National Women's Health Week 2013: Government Must Stop Playing Politics With Women's Health

Impact
ByMari Schimmer

May 12-18 has been declared National Women’s Health Week by the Department of Health and Human Services. If you go to the official HHS website, you will see it cheerfully state, “It’s your time!” They also recommended five ways to celebrate the week: see your doctor for preventive health services, get active, eat healthy, manage stress and quit smoking.

It seems ironic to celebrate women’s health this week, given that most of the news regarding access to health services for women has been pretty bad recently. Multiple states are passing increasingly restrictive legislation to prevent us from making basic medical choices about if and when we become pregnant, members of Congress from Arizona and Utah are attempting to do the same thing for D.C., and the Senate’s immigration reform bill prevents women from accessing health care under the Affordable Care Act, simply because they were not born in the U.S.

How are we supposed to “manage stress” when the Obama administration is actively restricting our access to emergency contraception, even after the FDA and a federal judge have declared it is both safe and appropriate for women of all ages to use to prevent pregnancy?

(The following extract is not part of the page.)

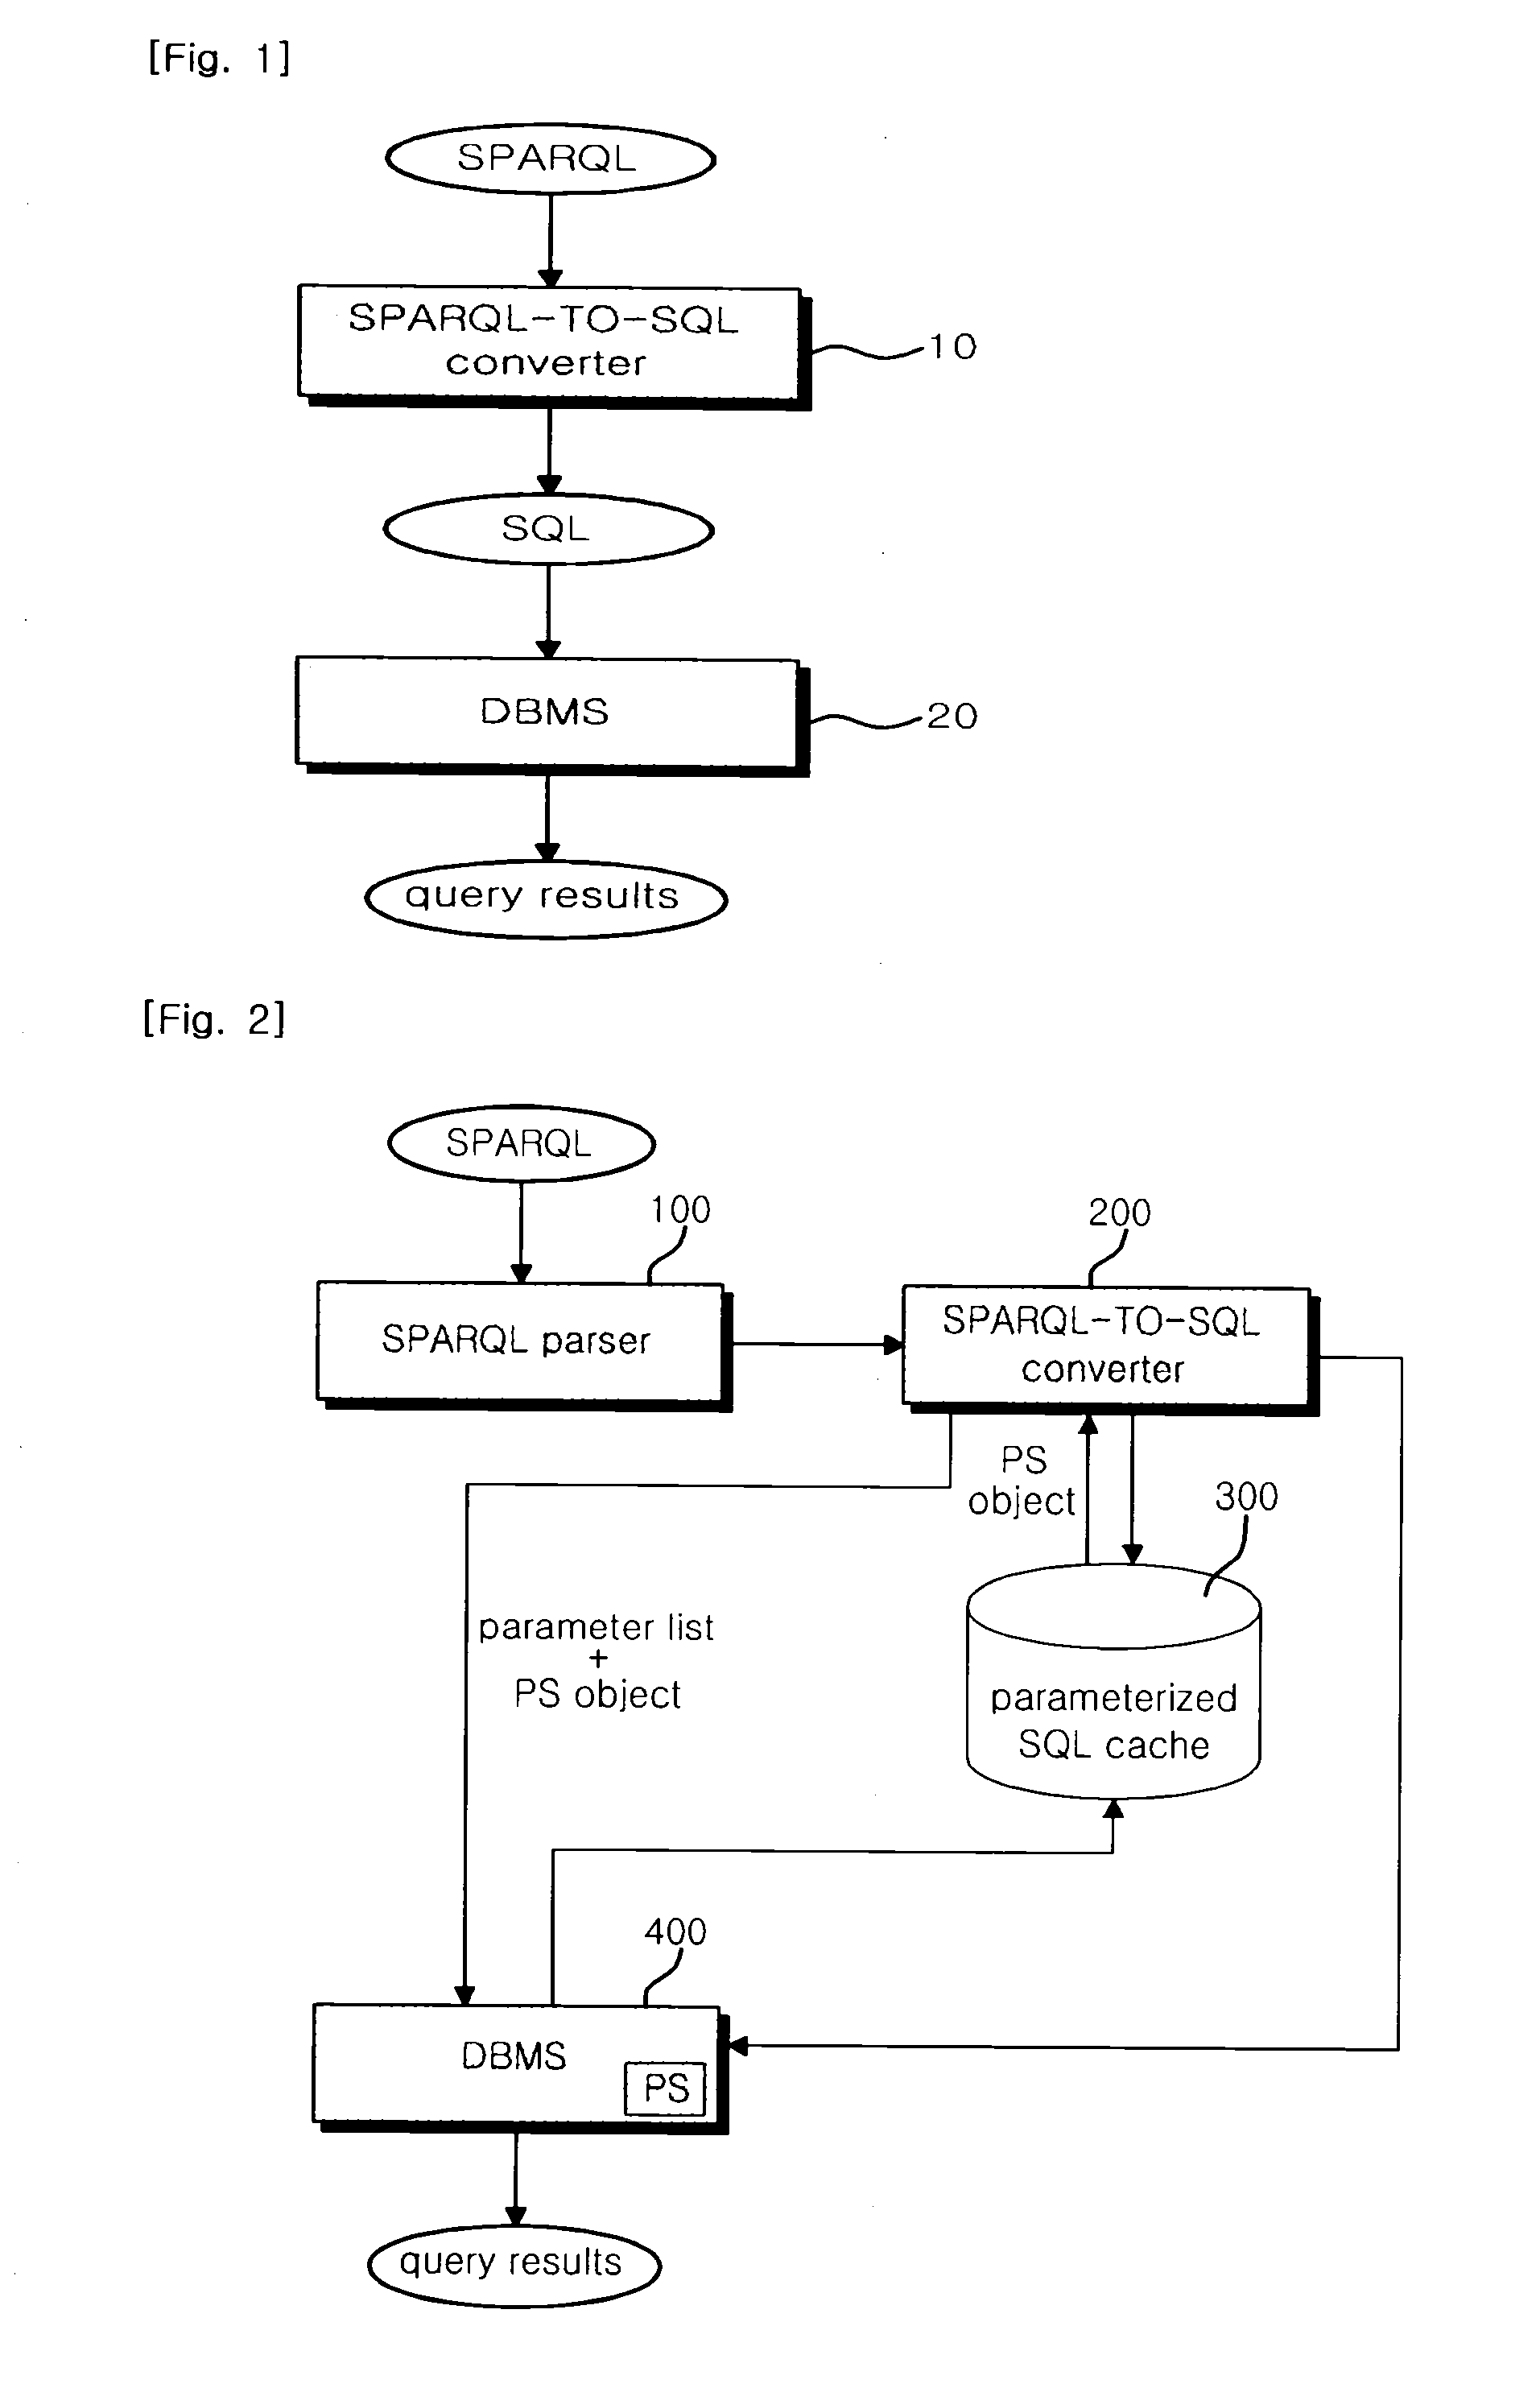 System and method for sparql-query processing using the parametrized-sparql-query in based dbms

This is the same president who, just a few weeks ago, spoke at Planned Parenthood’s national conference — the first sitting president to do so, ever — and assured us, "As long as we've got to fight to make sure women have access to quality health care, and as long as we’ve got to fight to protect a woman’s right to make her own choices about her own health, I want you to know that you’ve got a president who’s going to be right there with you."

So where was Obama when his Department of Justice appealed for a stay in the implementation of Judge Edward Korman’s ruling that age restrictions on Plan B One Step should be lifted?

Access to emergency contraception is critical to helping people of all ages prevent unintended pregnancies — but under current rules only people 17 or older can purchase Plan B without a prescription. Because of these restrictions, Plan B is kept behind pharmacy counters, which are usually open limited hours. Pharmacists are required to ask for identification proving age, which many people do not have, even if they are well over 17. By complying with the FDA’s original decision, the Obama administration would make Plan B available to low-income women, undocumented women, women who use public transportation and countless others who don’t have valid ID, but still want to prevent pregnancy when their primary method of birth control fails.

In addition to these limitations, many pharmacists are unclear on the law and refuse to dispense emergency contraception to people who should legally be able to obtain it (for example, a 17-year-old might be denied Plan B because her pharmacist assumes you have to be 18 or 21 to obtain it without prescription, which is shockingly common). Keeping emergency contraception behind the counter also puts us at the mercy of pharmacists’ personal politics and beliefs. Many states allow pharmacists to refuse to dispense medication that they personally oppose — although the laws are written to include any medication, let’s be honest, no pharmacist is going to deny your blood pressure medication. By lifting the age and prescription restrictions, we will no longer see limits to access based on where we live — and pharmacists will no longer be allowed to apply their personal politics to our health care decisions.

The “compromise” that the administration offered - lowering the age to access Plan B without a prescription to 15 and moving it from behind the counter to pharmacy shelves - just does not work. Even fewer 15-year-olds possess a valid ID, and the same groups of people who can’t prove that they are 17 will not be able to prove that they are 15.

This decision — just like the first decision to overrule the FDA’s scientific recommendation — is about politics, not health or safety. It’s letting fear and squeamishness of young people’s sexuality take precedent over medical science and the best interest of young people.

As Nancy Northup, President of the Center for Reproductive Rights stated after Judge Korman’s decision was made public, "Judge Korman's sound ruling simply orders the government to do what the experts at FDA have been trying to do for years: to put politics aside and let science guide us to a policy that makes emergency contraception readily accessible to all women when they need it most urgently."

Instead of asking women to celebrate National Women’s Health Week by “getting active,” the Department of Health and Human Services should celebrate our health by making emergency contraception available to everyone who needs it, regardless of age, without a prescription.

The Obama administration has made huge strides in improving access to contraception and a whole host of other women’s health needs, and it should be continuing that progress, not stifling it. Demonstrating that every woman in the U.S. has the right to control her own sexual and reproductive life regardless of age, location, income, or immigration status would be an excellent next step.